Mung bean mystery stumps British military

KABUL (Reuters) - The British military is mystified after what was first announced as a major haul of opium poppy seeds amounted to nothing more than a hill of beans.

British troops came across a bag of seeds -- weighing 1.3 tons -- during a major operation near the provincial capital of southern Helmand last week, said a British military spokesman.

The find was originally trumpeted as a big haul of opium poppy seeds.
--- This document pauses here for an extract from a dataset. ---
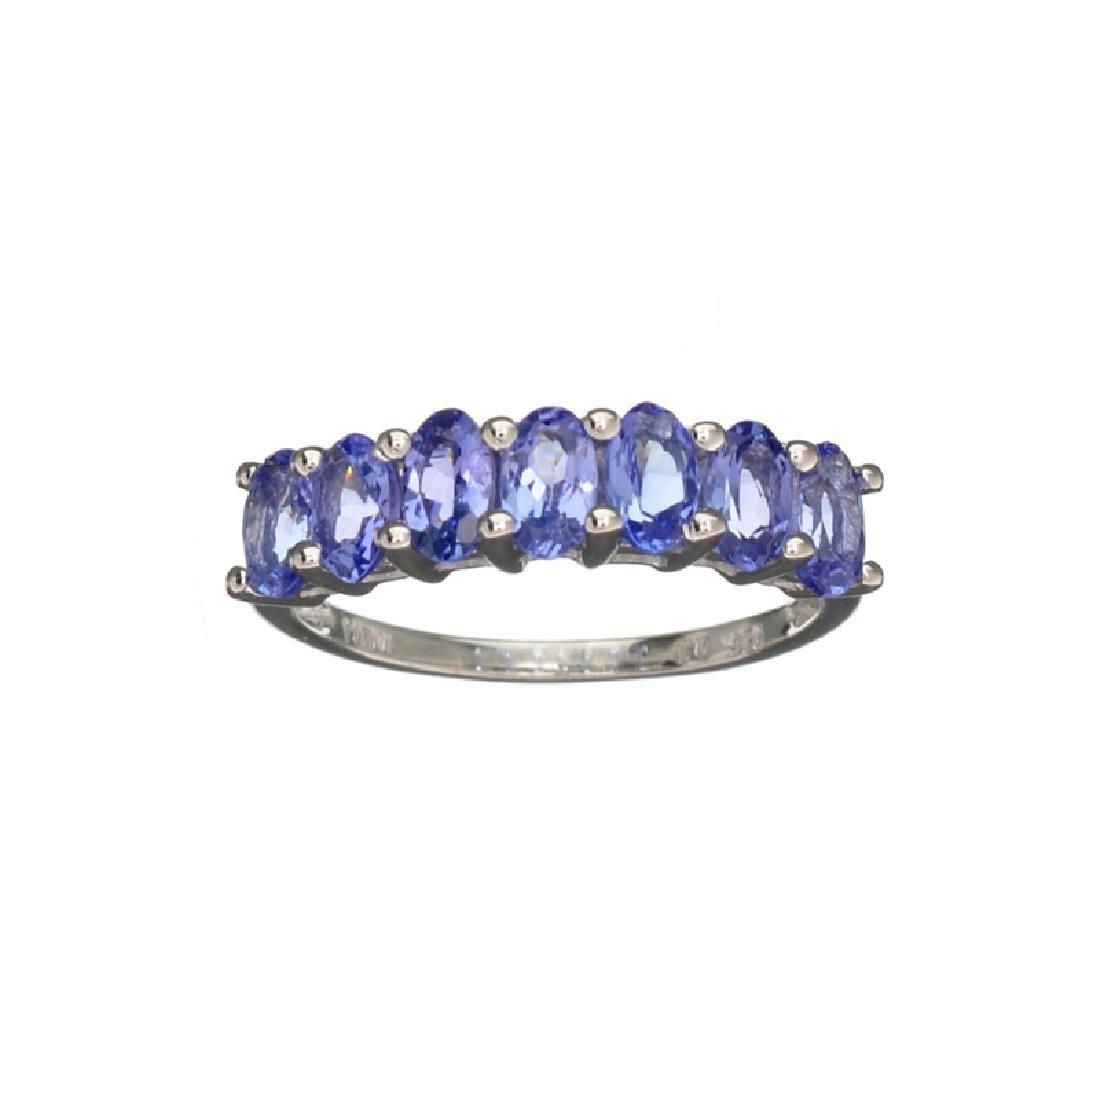 APP: 1.5k Fine Jewelry 1.75CT Oval Cut Tanzanite Over

Afghanistan produces about 90 percent of the world’s opium.

The fight against opium production is a major element of the battle against the insurgency in Afghanistan because opium is the major source of funding for the Taliban.

However tests on the seeds by the United Nations appeared to show they were in fact mung beans, a perfectly legal if much less profitable crop.

Asked if the suspect kernels were in fact mung beans, Tekeste Tekie, U.N. Food and Agriculture Organization spokesman in Kabul, said: “There is no question, yes.”

The British military spokesman would not confirm the mung bean mystery, saying the true nature of the suspect seeds had not yet been determined.

He said it was a matter for the Afghan army to clarify because they had alerted their British counterparts to the seeds in the first place.

About 9,000 British troops are deployed in southern Afghanistan as part of a NATO-led force. Some 4,000 U.S. Marines launched a major new offensive against the Taliban in Helmand early on Thursday.